Par Diane Campion de Poligny, associée et Pia Sabatier, cabinet DLA Piper

Depuis l’entrée en vigueur du règlement (UE) 2019/2088 du Parlement européen et du Conseil du 27 novembre 2019 sur la publication d’informations en matière de durabilité dans le secteur des services financiers dit « SFDR » en 2021, les discussions sont en cours sur l’évolution à venir de la réglementation applicable aux fonds d’investissement en matière ESG.

De septembre à décembre 2023, la Commission Européenne a lancé des consultations sur le niveau 1 de la réglementation, avec pour objectif de recueillir les retours des différentes parties prenantes sur l’application du texte et d’identifier les lacunes potentielles, en se concentrant sur la sécurité juridique, la facilité d’utilisation et sa capacité à jouer son rôle dans la lutte contre le greenwashing.

Le 3 mai 2024, la synthèse des retours des 324 participants a été publiée par la Commission européenne. En ressort que les objectifs généraux de SFDR bénéficient d’un large soutien, mais les avis sont partagés quant à l’atteinte des objectifs au cours des premières années de mise en œuvre. Une cohérence accrue du cadre général de la finance durable et des différents textes applicables au niveau européen est demandée dans les réponses communiquées. Quant à la catégorisation, les participants sont partagés quant à la création d’une classification refondue avec de nouveaux critères, ou le maintien de la classification actuelle autour des articles 6, 8 et 9 avec une clarification et/ou ajout des critères. La question sur l’avenir de SFDR et les étapes à venir est désormais ouverte.

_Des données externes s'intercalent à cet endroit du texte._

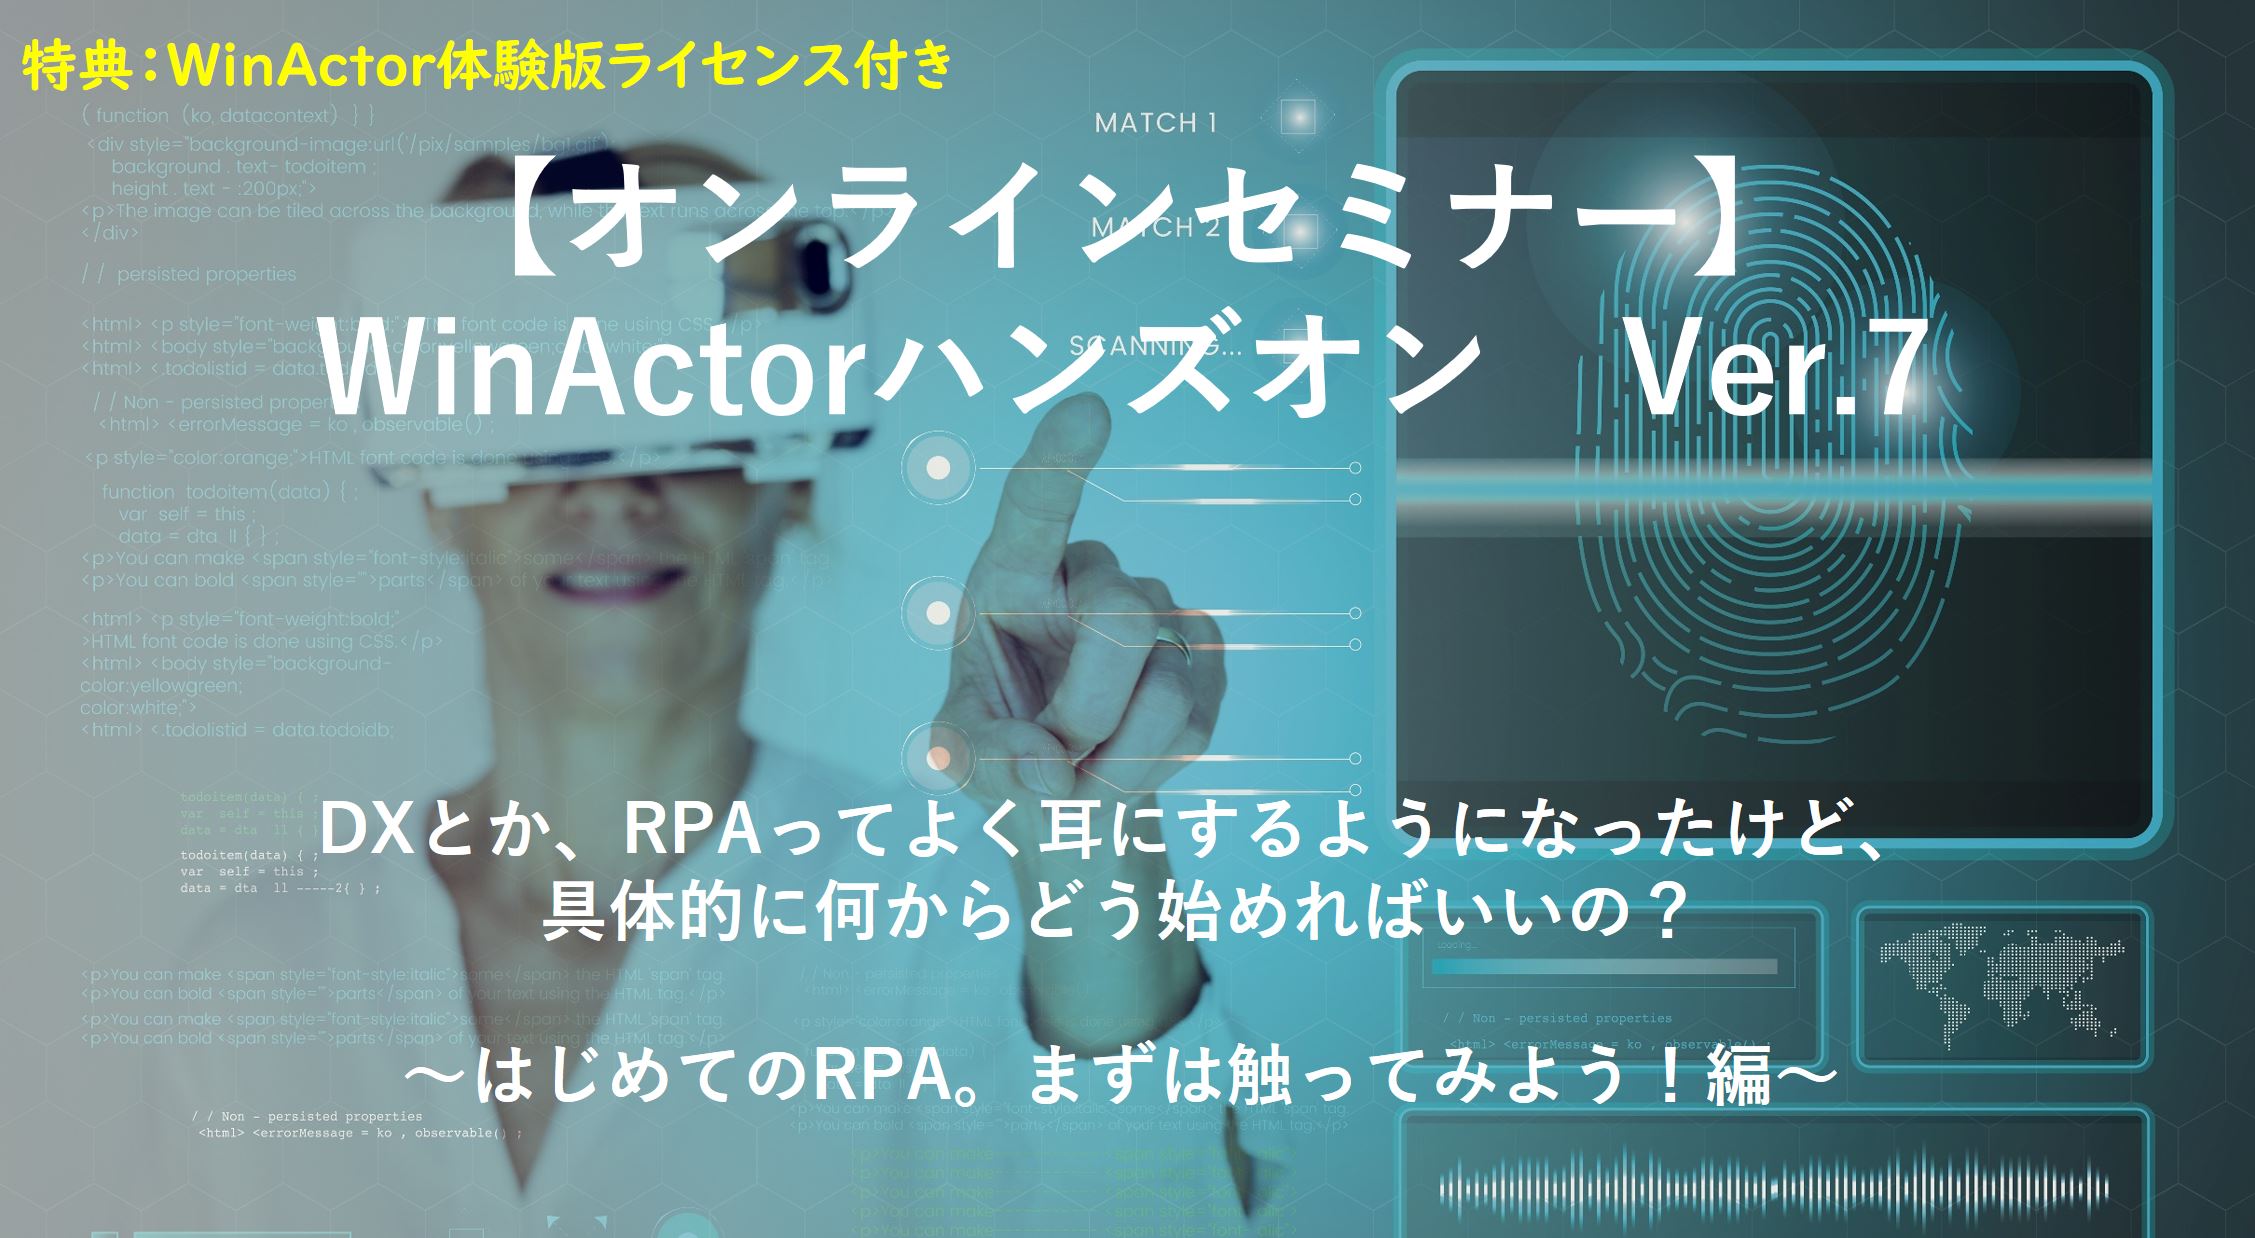 WinActor Ver.7

La position retenue par l’AMF
sur la révision de SFDR

L’Autorité des Marchés Financiers a de son côté publié en février un résumé de ses propositions et préconisations pour orienter les travaux initiés par la Commission Européenne.

Dans ce contexte, l’AMF préconise la mise en place d’un nouveau cadre plus clair et simple en introduisant des catégories de produits fondées sur des critères minimaux objectifs non sujets à interprétation permettant d’identifier et de comparer les produits financiers à la différence du système de catégorisation SFDR actuel où certains concepts, tels que l’investissement durable, ne sont pas précisément définis.

La non-conformité d’un produit financier appartenant à une catégorie sans en satisfaire les critères minimaux devrait être considérée comme une infraction à la réglementation, et pouvoir faire l’objet de sanctions de l’AMF.

L’AMF propose de remplacer l’architecture actuelle par quatre nouvelles catégories : solutions environnementales, solutions sociales, transition climatique, filtres non-financiers. Et elle détaille les critères qu’elle propose pour chacune.

L’AMF préconise enfin de rationaliser et recentrer les informations publiées au niveau des fonds d’investissement plutôt qu’au niveau des sociétés de gestion ; considérant qu’il est peu certain que les investisseurs consultent les informations relatives à la durabilité publiées par exemple sur les sites Internet des sociétés de gestion.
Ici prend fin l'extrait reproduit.